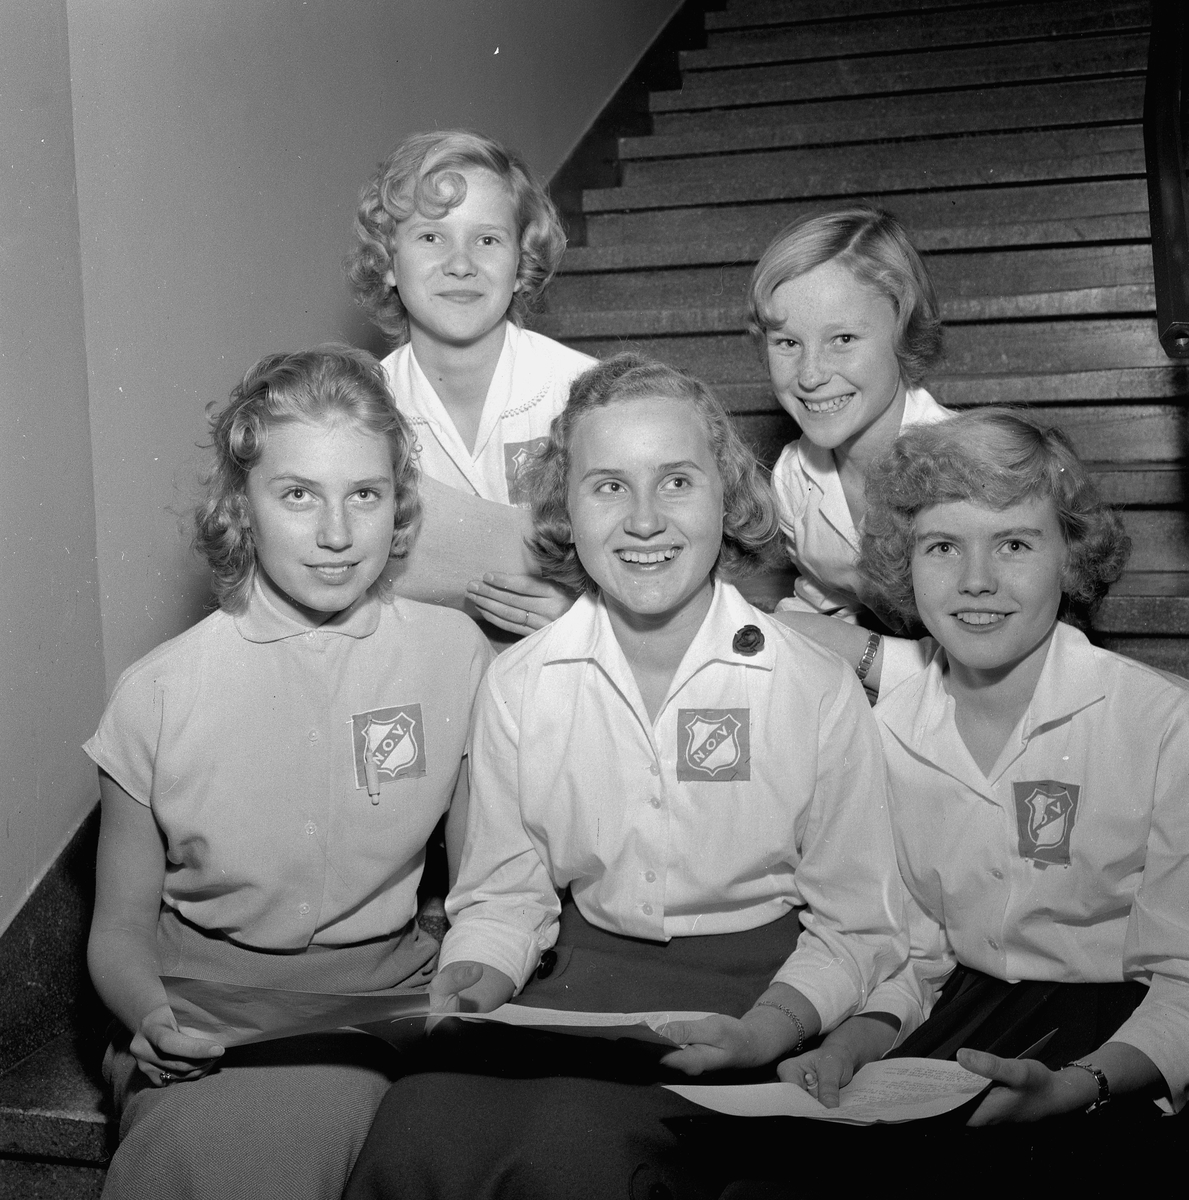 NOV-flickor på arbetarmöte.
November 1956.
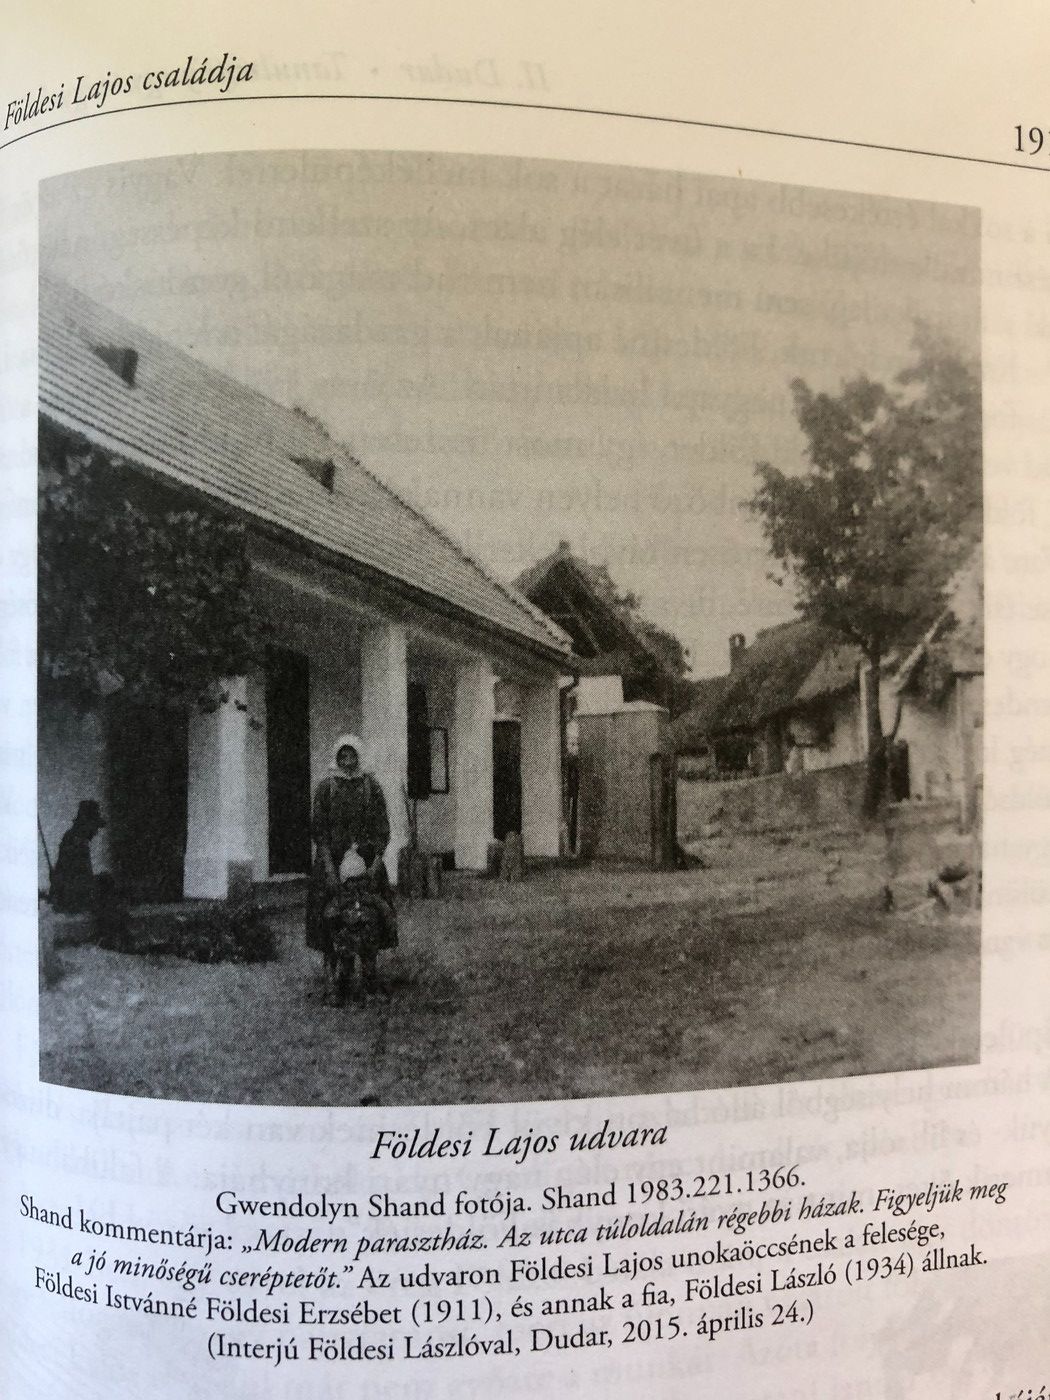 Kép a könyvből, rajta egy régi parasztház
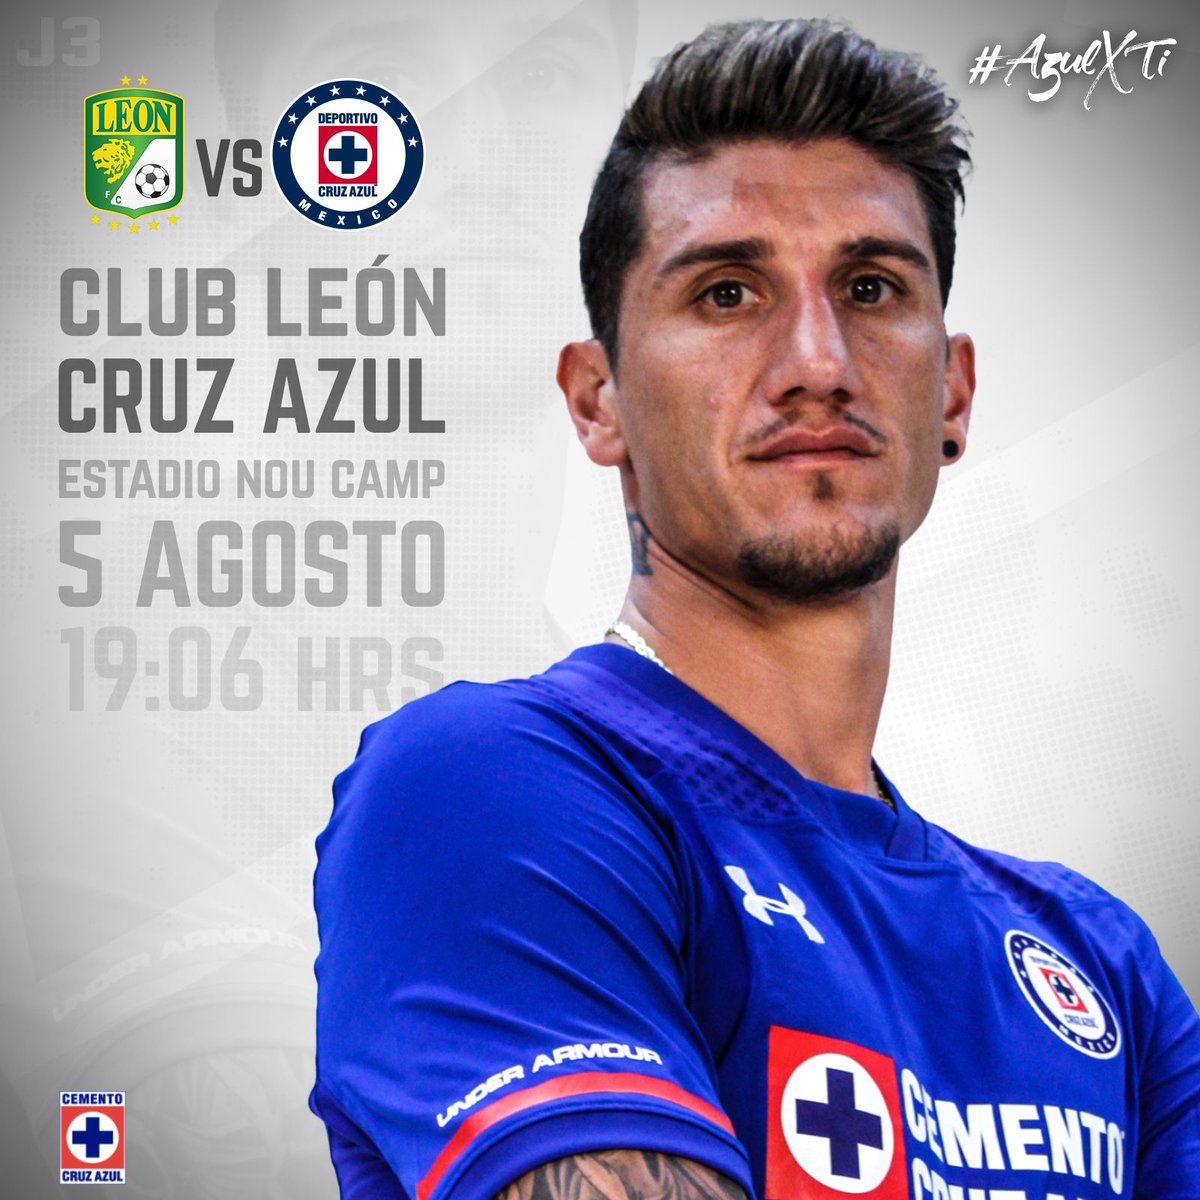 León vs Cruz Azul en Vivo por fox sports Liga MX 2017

#### WHAT NEEDS TO BE DONE:
What's needed is every line above, retyped exactly and free of pictures.

#### EXPECTED OUTPUT:
 NOV-flickor på arbetarmöte.
November 1956.
 Kép a könyvből, rajta egy régi parasztház
 León vs Cruz Azul en Vivo por fox sports Liga MX 2017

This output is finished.